Il est fréquent d’entendre, s’agissant de l’art du continent africain, que l’Afrique du Sud est  » un pays à part  » où les plasticiens seraient mieux lotis que ceux du reste de l’Afrique. Favorisée par la fin de l’apartheid, et stimulée en 1995 par l’Africus Johannesburg biennale – première et avant dernière édition de la biennale de Johannesburg –, la reconnaissance de l’art contemporain d’Afrique du Sud peut apparaître incontestable. William Kentridge, Jane Alexander, Willie Bester, Sue Williamson, entre autres, sont présents sur la scène internationale, et leurs œuvres tournent régulièrement dans les lieux d’exposition prestigieux de la planète. En 2004, Linda Givon, directrice de la galerie Goodman, l’une des plus célèbres de Johannesburg, constatait que sa galerie  » qui exportait 5 % des œuvres au temps de l’apartheid, en exportait désormais 90 % « , ajoutant que ce nomadisme rendait même  » difficile  » l’organisation d’expositions en Afrique du Sud (2).
Une domination implicite
Bruce Clarke, né en Angleterre de parents sud-africains, artiste et commissaire de l’exposition, nuance ce constat général. Certes, la reconnaissance de certains artistes sud-africains par le marché de l’art international est un fait, mais elle ne concerne que des artistes, majoritairement blancs, dont le travail s’inscrit dans les normes dudit marché.

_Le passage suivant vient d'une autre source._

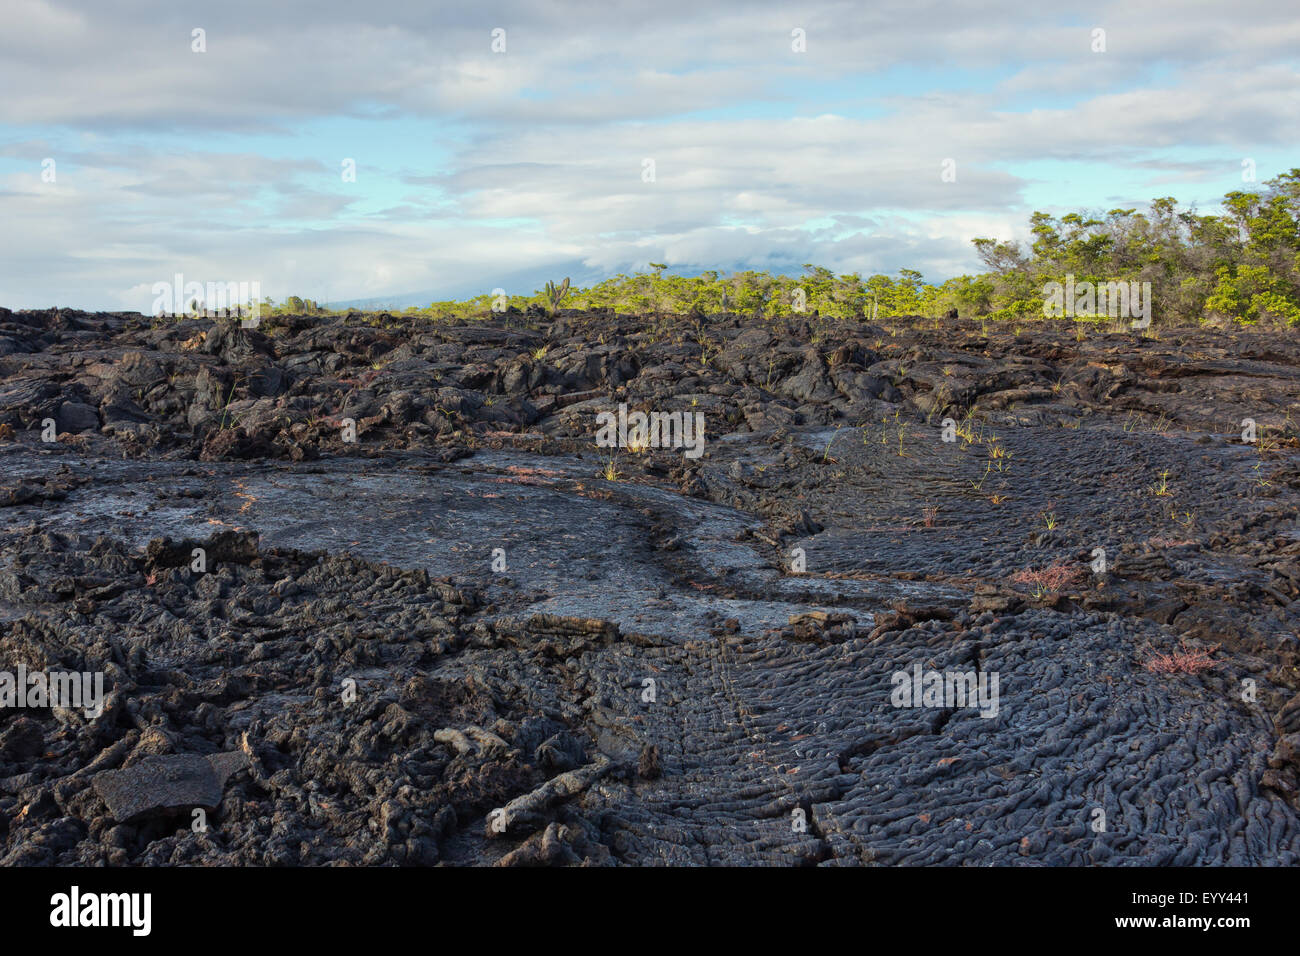 Ropy pahoehoe lava flow on Isabela Stock Photo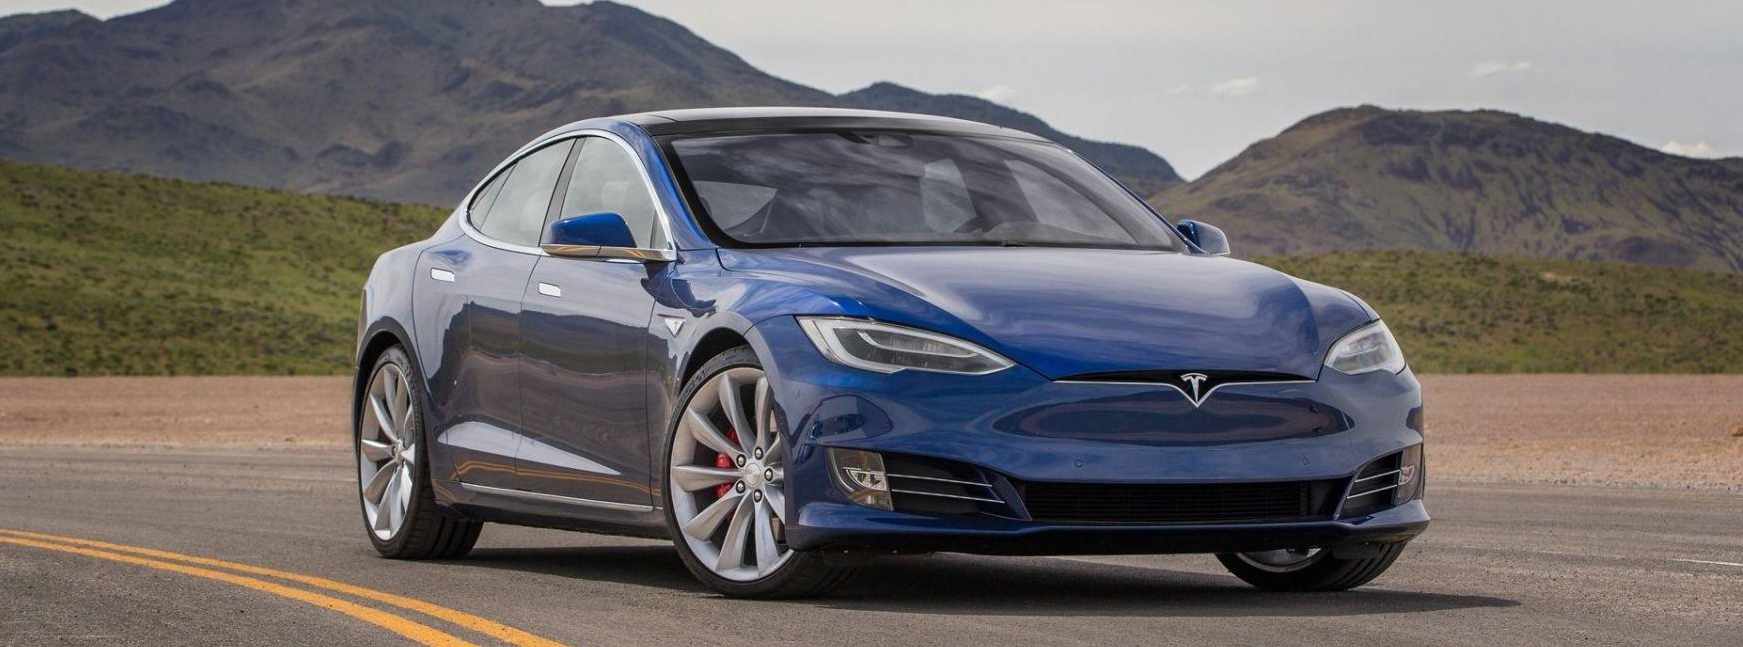 Nuevos detalles del inminente restyling de los Tesla Model S y Model X: nuevo salpicadero, cámara interior…

En revanche, un grand nombre d’artistes, noirs pour la plupart, travaillant hors des réseaux et critères de ce marché, n’ont aucune visibilité et peu, pour ne pas dire pas, de moyens pour travailler. Si certains peuvent désormais accéder aux universités ou aux écoles d’art (ce qui n’était pas le cas sous l’apartheid), ils restent minoritaires, les impératifs économiques ne favorisant pas le choix d’une vocation artistique. De plus, Bruce Clarke a pu constater, au cours de ses fréquents voyages en Afrique du Sud,  » quelques relents d’apartheid  » dans le fonctionnement du milieu des arts plastiques où  » la plupart des grandes galeries sud-africaines exposent encore une majorité d’artistes blancs. Les artistes noirs y sont encore minoritaires et semblent un peu brandis comme un gage de bonne conscience pour donner une illusion de mixité et d’égalité « .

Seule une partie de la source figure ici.